For deployments in the Processing state, the output streams in real time.
Actions
The detail page provides several actions depending on the deployment state:
| Action | Available when | What it does |
|---|---|---|
| Cancel | Processing | Stops the deployment and terminates running processes. |
| Rollback | Failed, or when a newer deployment exists | Creates a new deployment targeting this deployment's commit. See Rollback and Recovery. |
| Diagnose | Failed | Runs AI-powered diagnosis on the deployment. See Deployment Diagnosis. |
| Redeploy | Completed, Failed, Cancelled | Triggers a new deployment on the same branch using the latest commit. |
Comparing deployments
When troubleshooting, it is often useful to compare a failed deployment with a recent successful one. Open both in separate tabs and review the hook output side by side. Look for:
- Different output in the same hook — a command that succeeded before but now fails.
- New warnings that appeared before the error — these often indicate the underlying cause.
- Duration changes — a hook that takes much longer than usual may indicate resource pressure.

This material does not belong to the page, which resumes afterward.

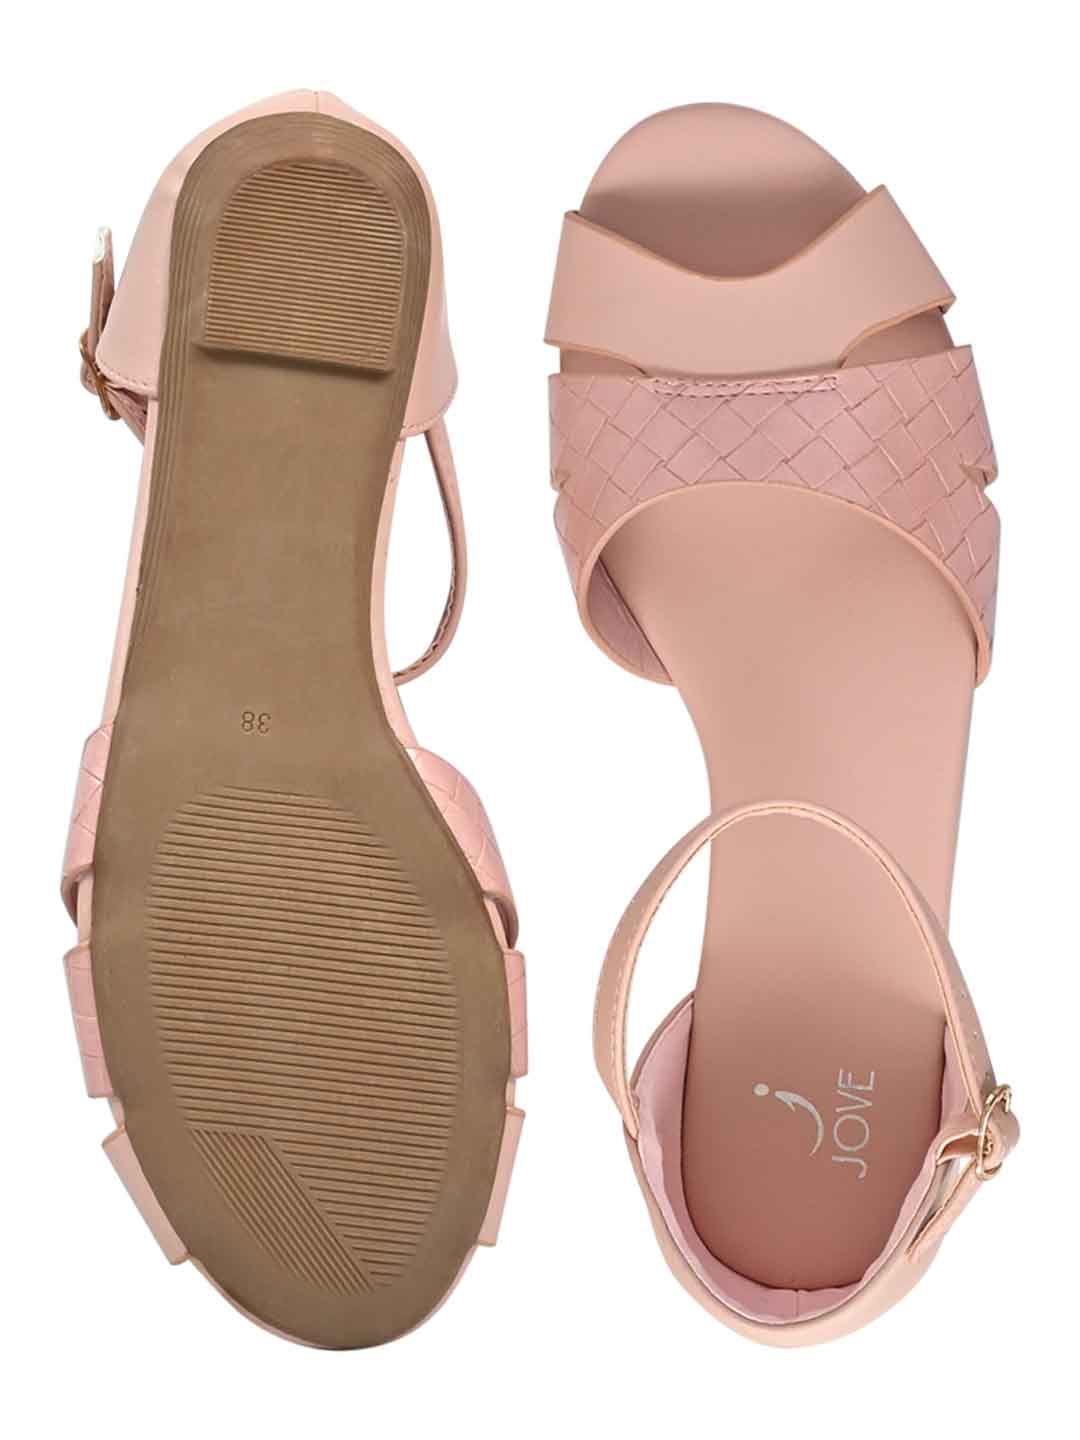 Footwear, Women Footwear, Pink Sandals

- Different dependency versions — the output of
composer install,npm install, or equivalents shows which versions were installed.
Deployment artifacts
Some deployments produce artifacts — build outputs, generated files, or checksum records — that Devpilot stores alongside the deployment. Each artifact records its name, type, size, and a checksum so you can verify what was deployed.
To view artifacts for a deployment:
- Open the deployment detail page.
- Navigate to the Artifacts section.
- Browse the stored artifacts with their file names, sizes, and descriptions.
- Download an individual artifact when you need it.
Artifacts are useful for debugging (inspecting what was actually built) and for audit trails (verifying that the correct output was shipped).
Retention
Devpilot retains deployment records — metadata, hook logs, and artifacts — as long as the deployment record itself exists in your workspace. Deleted deployments are soft-deleted and can be restored by your workspace administrator.
Release directories on the server are managed separately from deployment records. Devpilot keeps a configurable number of recent releases on the server so you have rollback targets available even after older deployment records age out.